The clock ticked to 1 a.m., 2 a.m., 3 a.m. A few people left to go home and catch some sleep, but most stayed. Pockets of friends gathered in small groups and kept praying. Waiting. Our church’s music pastor, Michael Bleecker, quietly sang some worship songs. More praying. More waiting.
Poor Jeff. He had been feeling miserable with his cold even before the accident. As the night wore on, I seemed to be gaining strength, gaining confidence, thinking with a clearer head. But Jeff was going the other direction. For a while he tried to sleep, curled up on a coat on the floor. Then he paced. Then he sat with his head in his hands. Then he cried.
Hour after hour Chris Crawford and Chris Wilson sat next to my husband. They talked with him. Prayed with him. Let him cough on t
hem. I knew that as much as Jeff needed me as his wife right now, he needed his buddies just as much, maybe even more. For years they had honed their friendship like iron sharpens iron. Now they were slashing through the anguish of this night together. Brothers in battle. Soldiers at war.
My mind drifted. Waiting rooms can prompt that response in a person. I prayed. I waited. I talked with people in the room. But I also had large moments of empty space when my mind ran free. Maybe time sped up in my head, because flashes of Lauren’s life came to me. Snippets of conversation. Images of years past. Funny memories of things she’d said or done.
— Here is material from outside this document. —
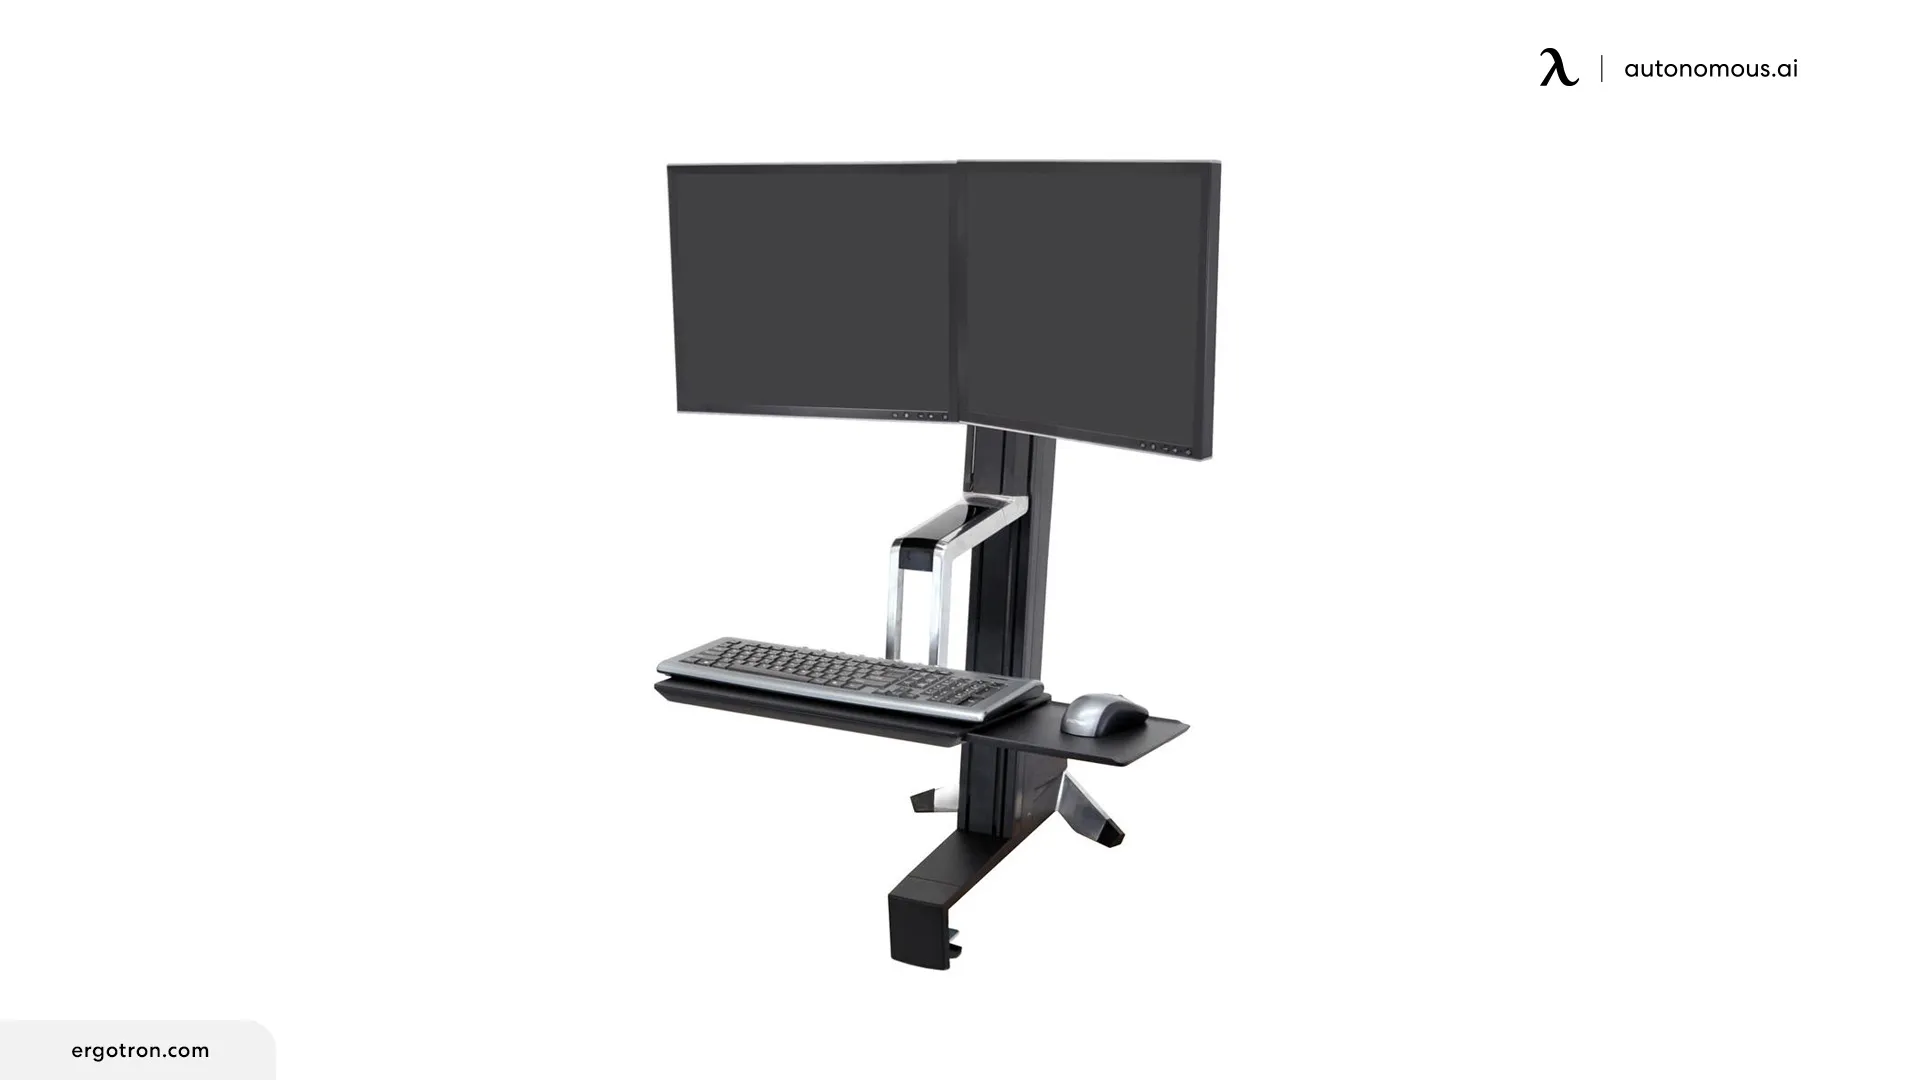 WorkFit-S Dual Monitor Standing Desk Workstation

I thought about how miraculous it was that Lauren had ever been born in the first place. God had a purpose for her life; I’d known it even before she was born. And now as a young adult, Lauren had only begun to step into that purpose. God knew every move my daughter made, and he had set into motion every one of her days. He would keep her alive until the purpose for her life was accomplished. Lauren would heal. I knew it for a fact. I knew it by faith.
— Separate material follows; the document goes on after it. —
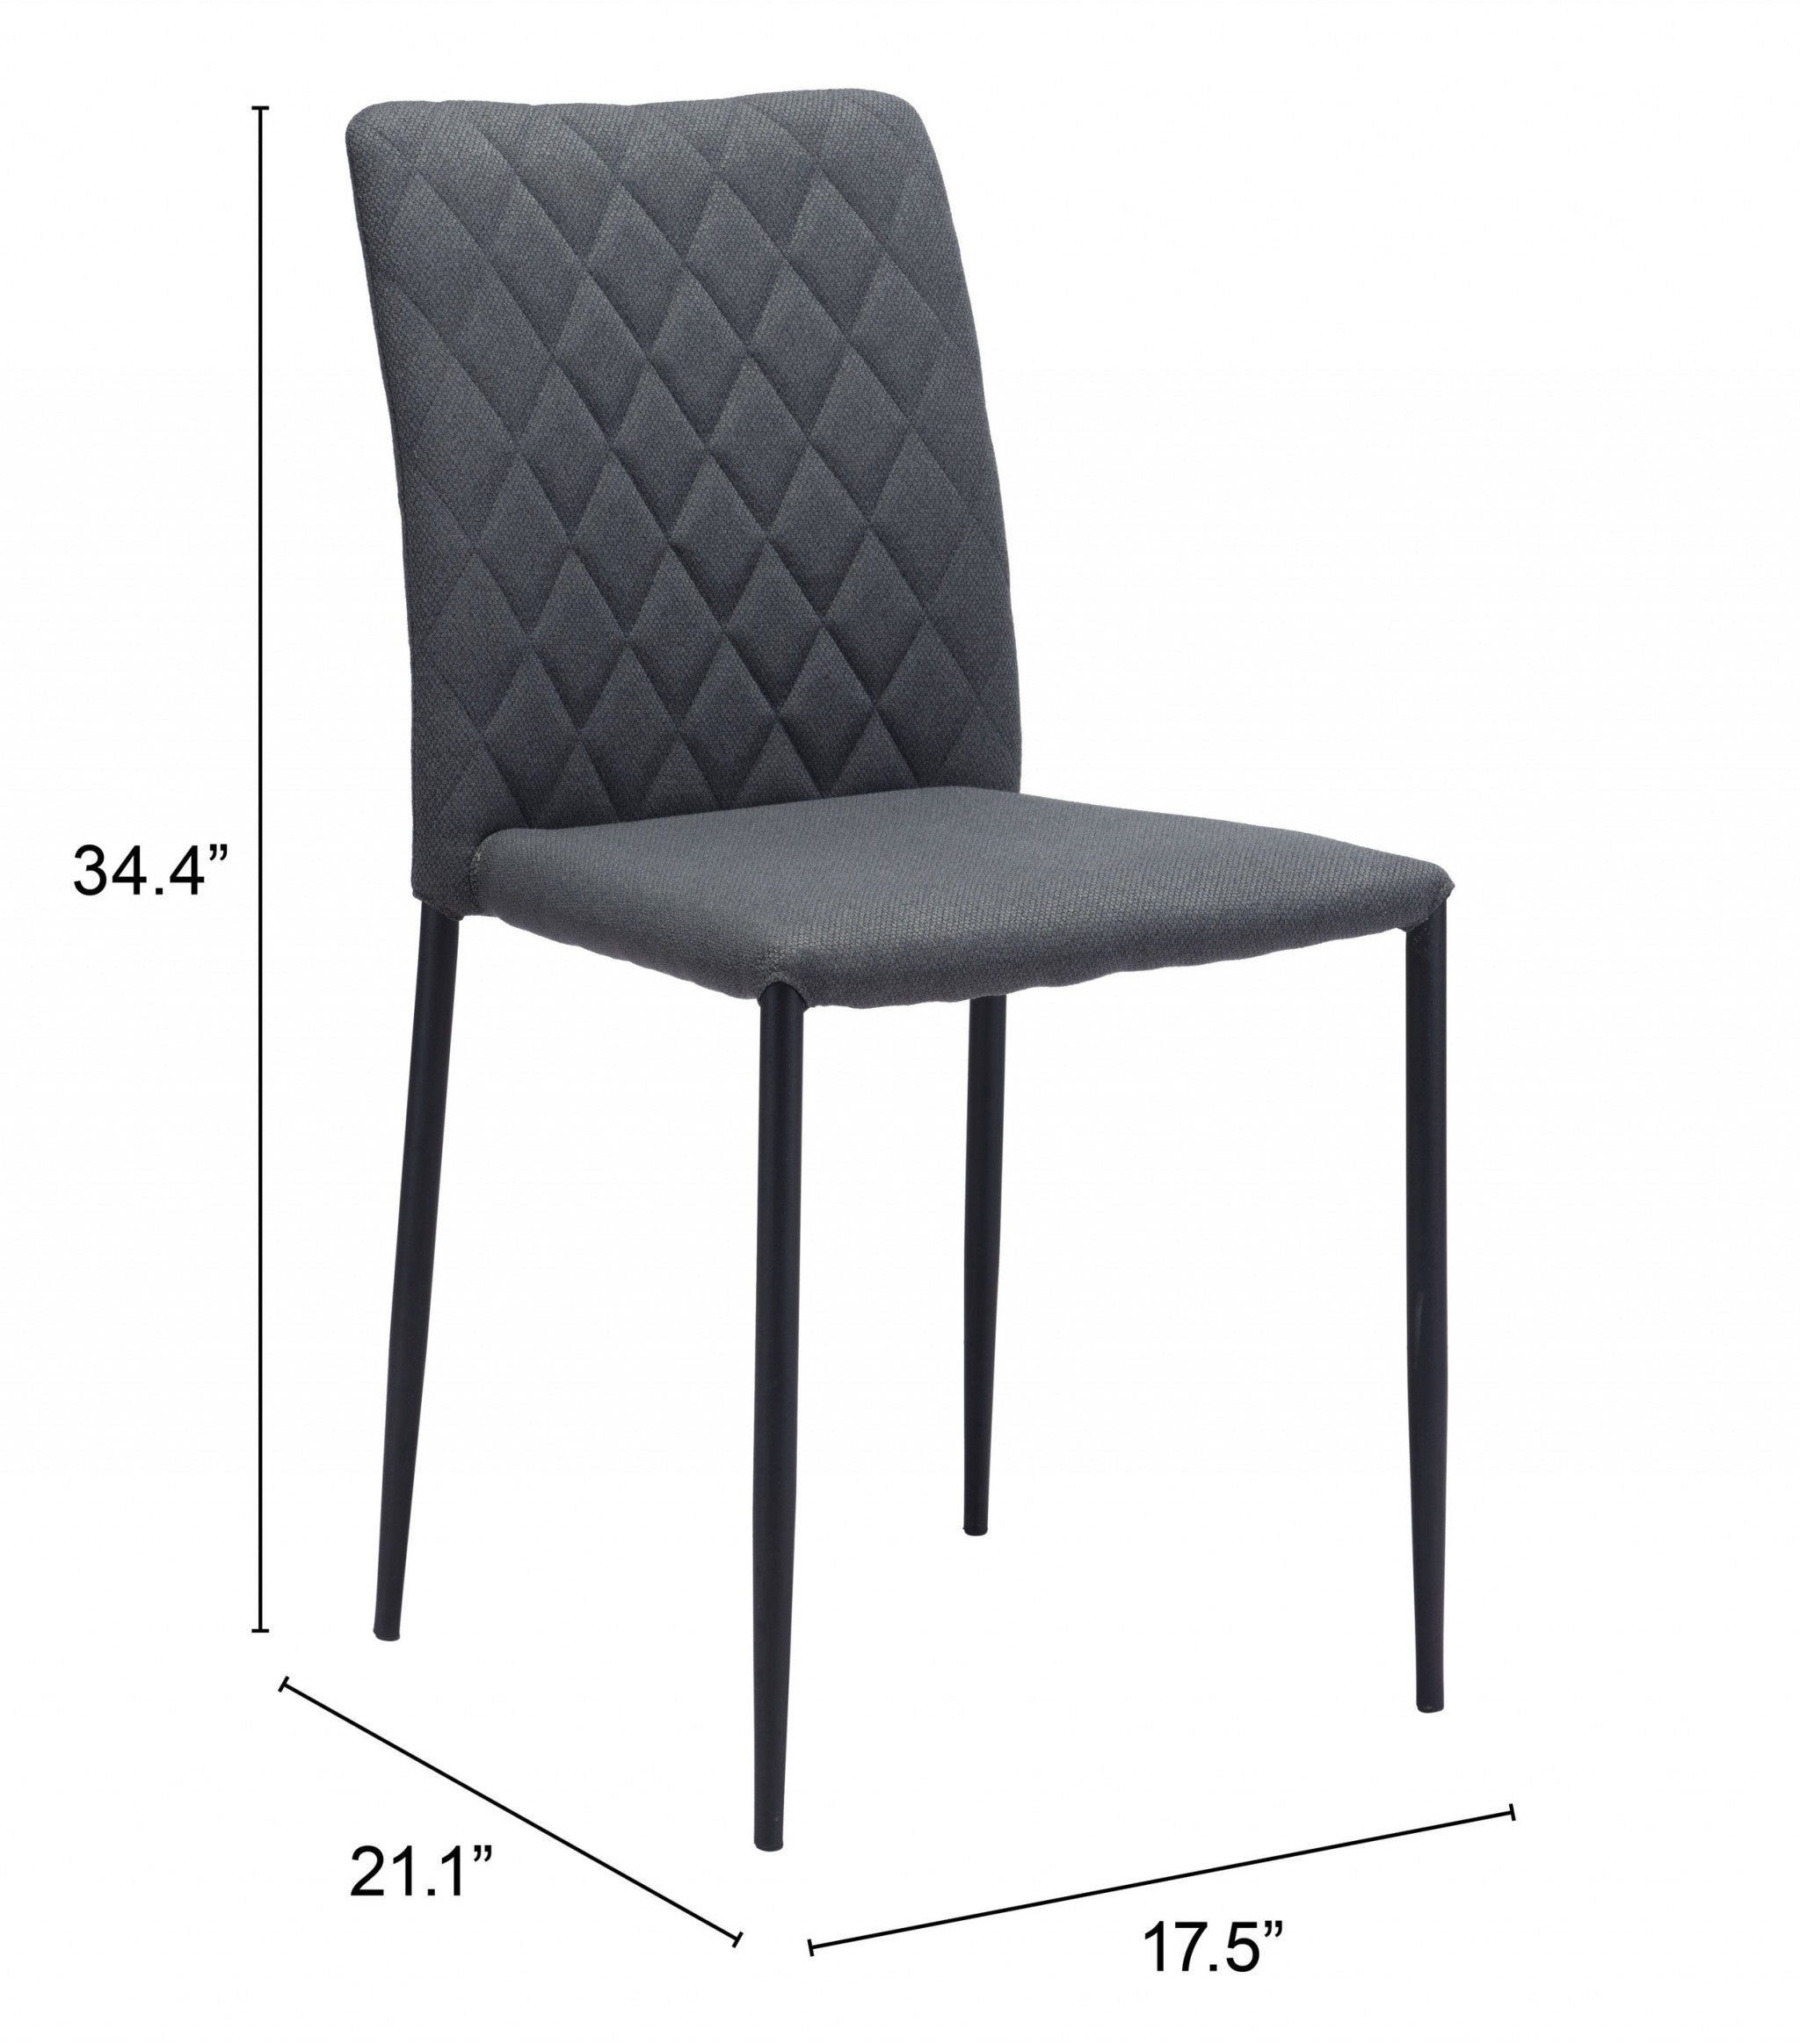 Set of Two Dark Gray Diamond Weave Dining Chairs

How strange were the circumstances that led up to Lauren being conceived. Years ago the odds had been stacked against her birth. I was all set to marry someone else. Back in 1981, I was in my early twenties, finishing up college at Memphis State and seriously dating a guy named Bill. Evenings, I worked at an upscale restaurant to put myself through school. One night a tall, hunky stranger came in and sat in my section. After ordering, he asked me out on a date. There was no way I would say yes. Bill worked in the same restaurant, just a few bus stations away. I smiled and declined the offer, but inside I was definitely intrigued.
I had no idea if I’d ever see the tall stranger again, but the ball was already set in motion. My boyfriend and I broke up. Then, fortunately, a few weeks later Jeff walked back into the restaurant. My heart fluttered in my chest. The offer was still good, he said. Had I changed my mind yet?